My left ankle was fractured and dislocated a touch over 40 years ago when an idiot in a 1968 Ford Mustang ran a stop sign and hit our motorcycle broadside. The end of the bone that creates the outside bump in your ankle (hey, I'm an engineer, not a doctor) was reduced to a bag of bone fragments. The end of the bone that creates the inside bump was broken off as the foot dislocated to one side. The outside bump was worked back into something functional (I believe the doctor said something along the lines of "I hope this works") and the inside was stabilized with a pair of screws (that are still there today). The doctor wasn't just another ER doc on call that night, he was a well respected local ortho surgeon who was also the team physician for the WSU football team. He was supposed to be at a party my parents were attending, but didn't make it for some reason.

He never would show me the pre-op films. Only the post-op. My dad, who taught orthopedic surgery at the veterinary school at WSU, did see the pre-op films. His comment was that the surgeon did a great job with what he had to work with.

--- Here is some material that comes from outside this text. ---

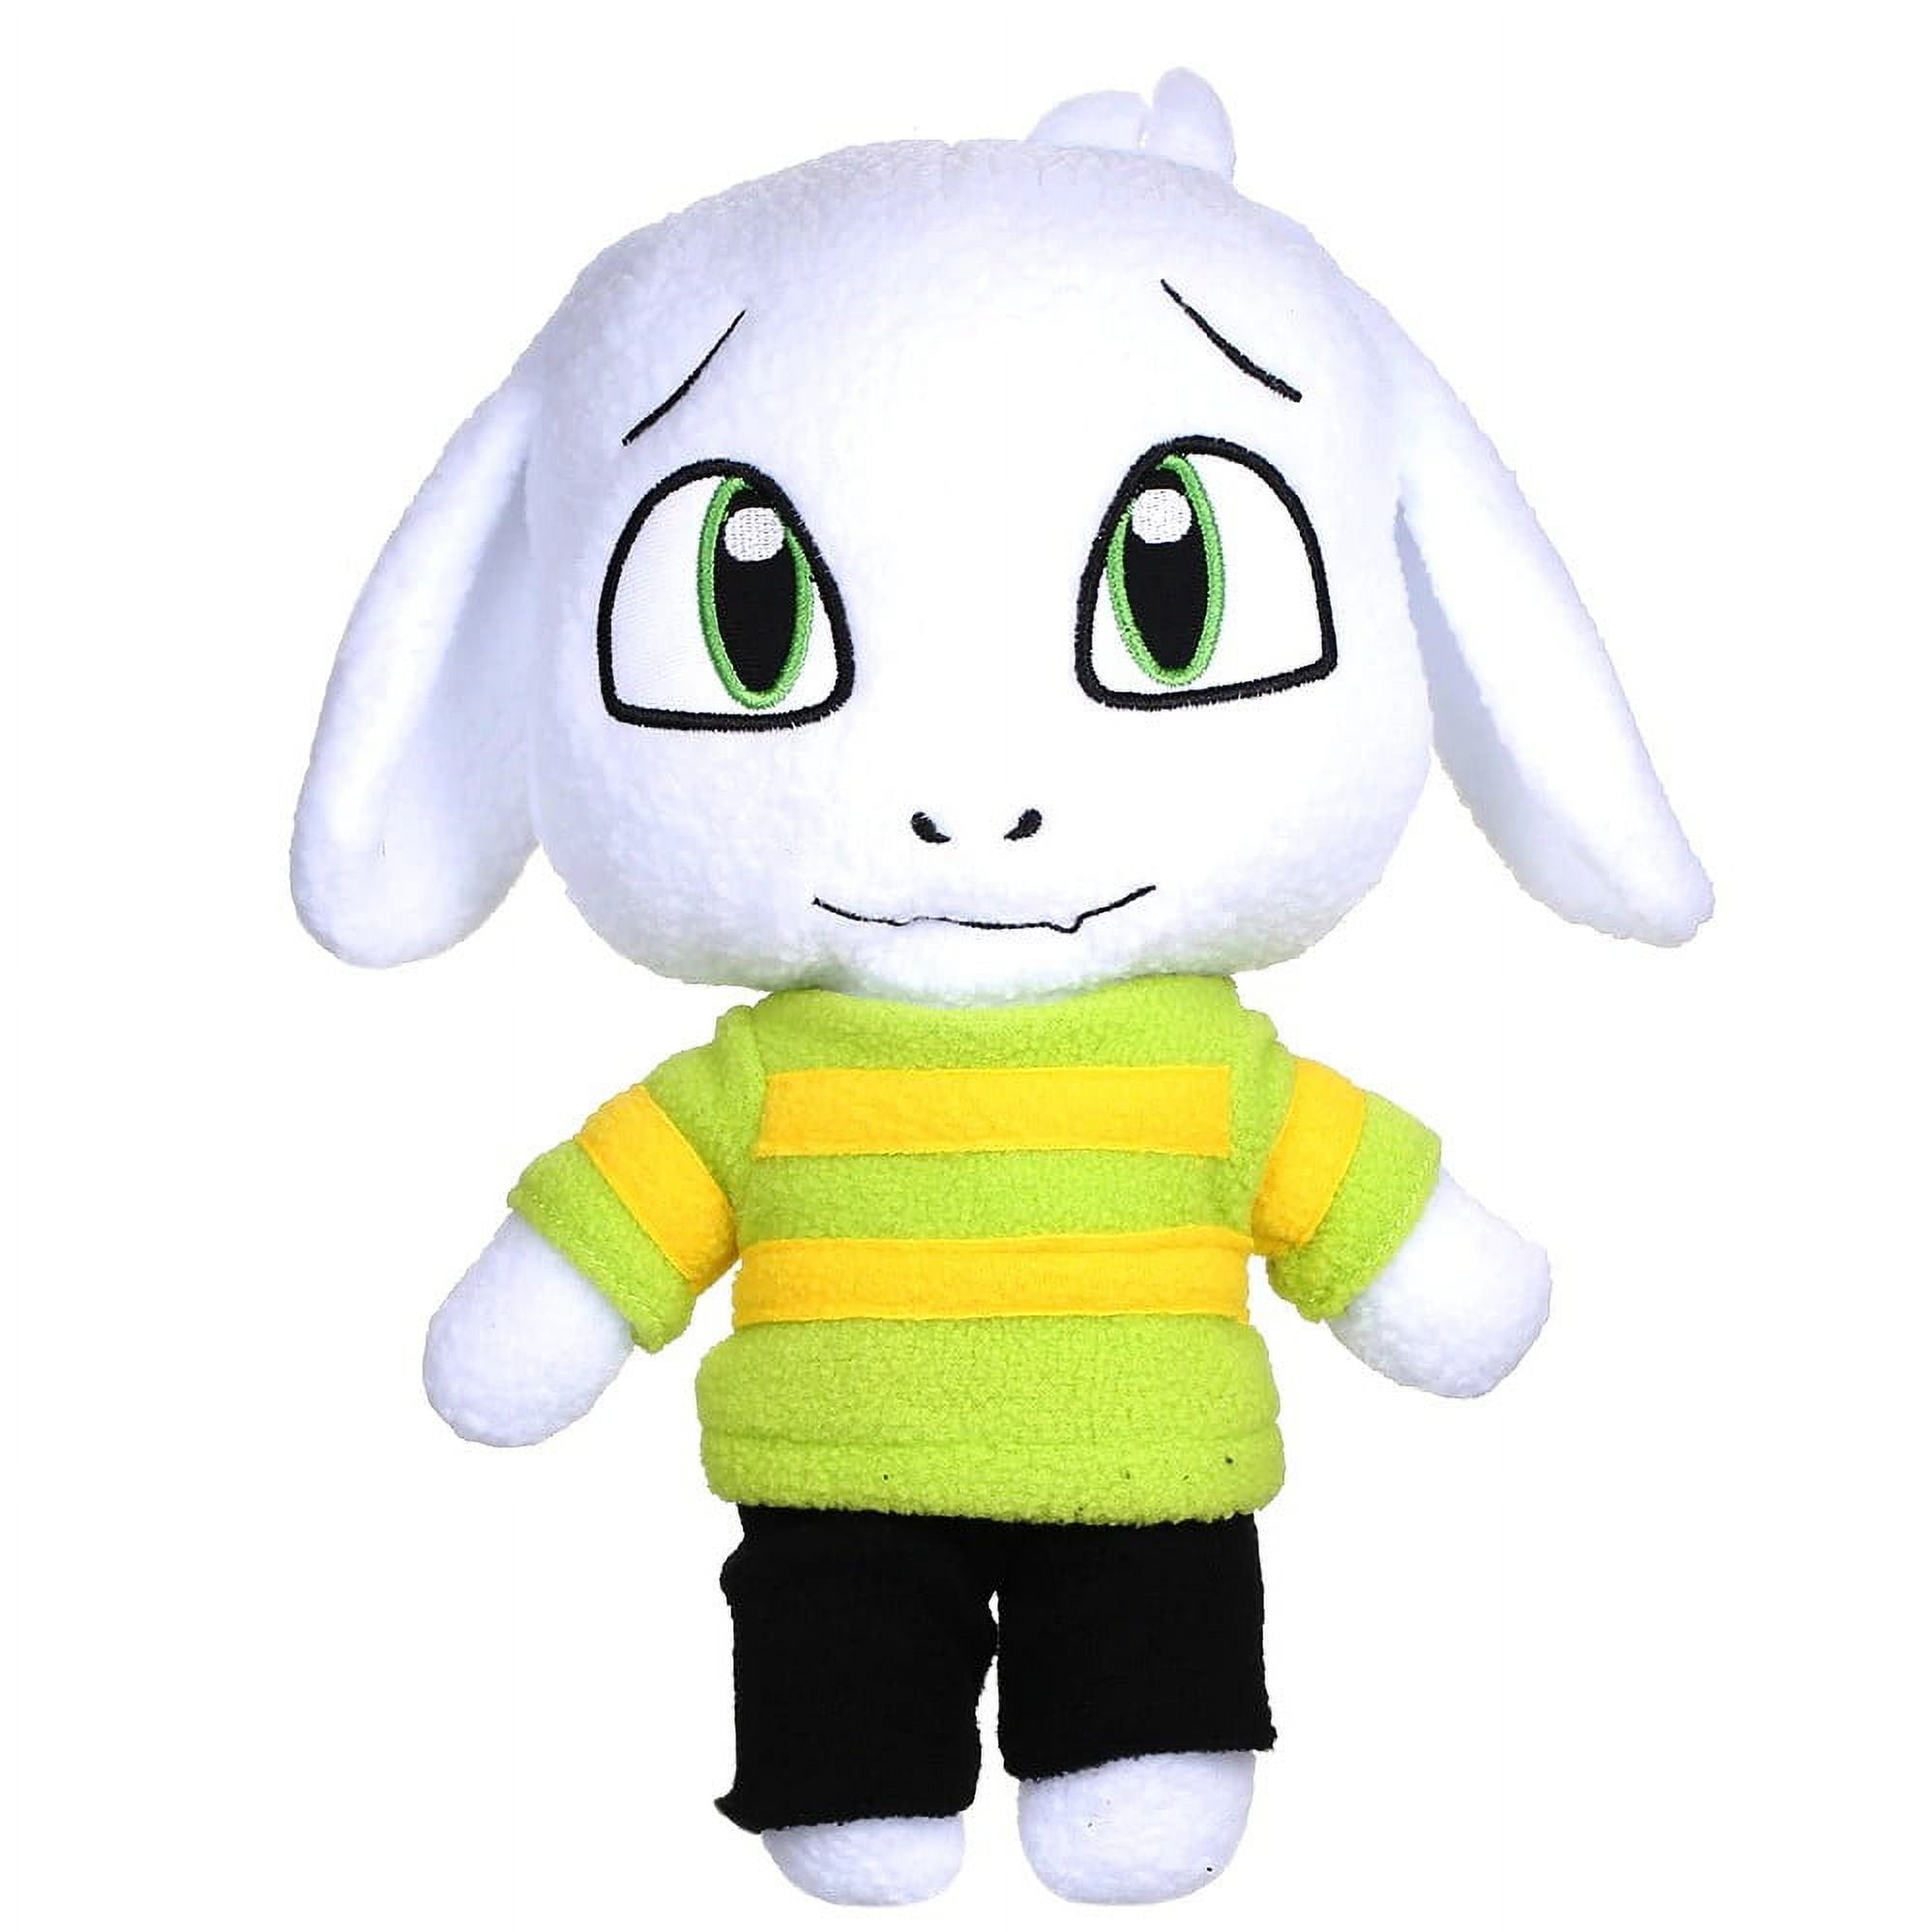 Chara - Undertale Plush Stuffed Animal Kids Toy Plushie

40 years later I still have limited range of motion in my left ankle. But, I can operate the rudders and brakes with no difficulty. And this was reported during my first medical back in 2000 and required no paperwork. I guess all this rambling is designed to make you worry less. Heal up and you'll be back in the air.
 
OP here, Tuesday (2 months to the day) after breaking it I got cleared to walk around out of the boot. I'm happy to report that I can drive without an issue aside from some extra swelling from use.
 
From previous experience, you should expect swelling for up to a year.

My ortho said it would hurt for a year, he was right. Had the grooviest edema ankle was puffy seemed like sillyputty under the skin.
 
From previous experience, you should expect swelling for up to a year.

Only a year? Mine comes and goes after 40 years.

My ortho said it would hurt for a year, he was right. Had the grooviest edema ankle was puffy seemed like sillyputty under the skin.

If I don't abuse it my ankle is fine. But if I spend too much time on my feet, or walk too far (what is "too far" depends on what shoes I'm wearing) I'll be stiff and sore for the next day or two. I guess it all depends on how badly your ankle was torn up in the first place.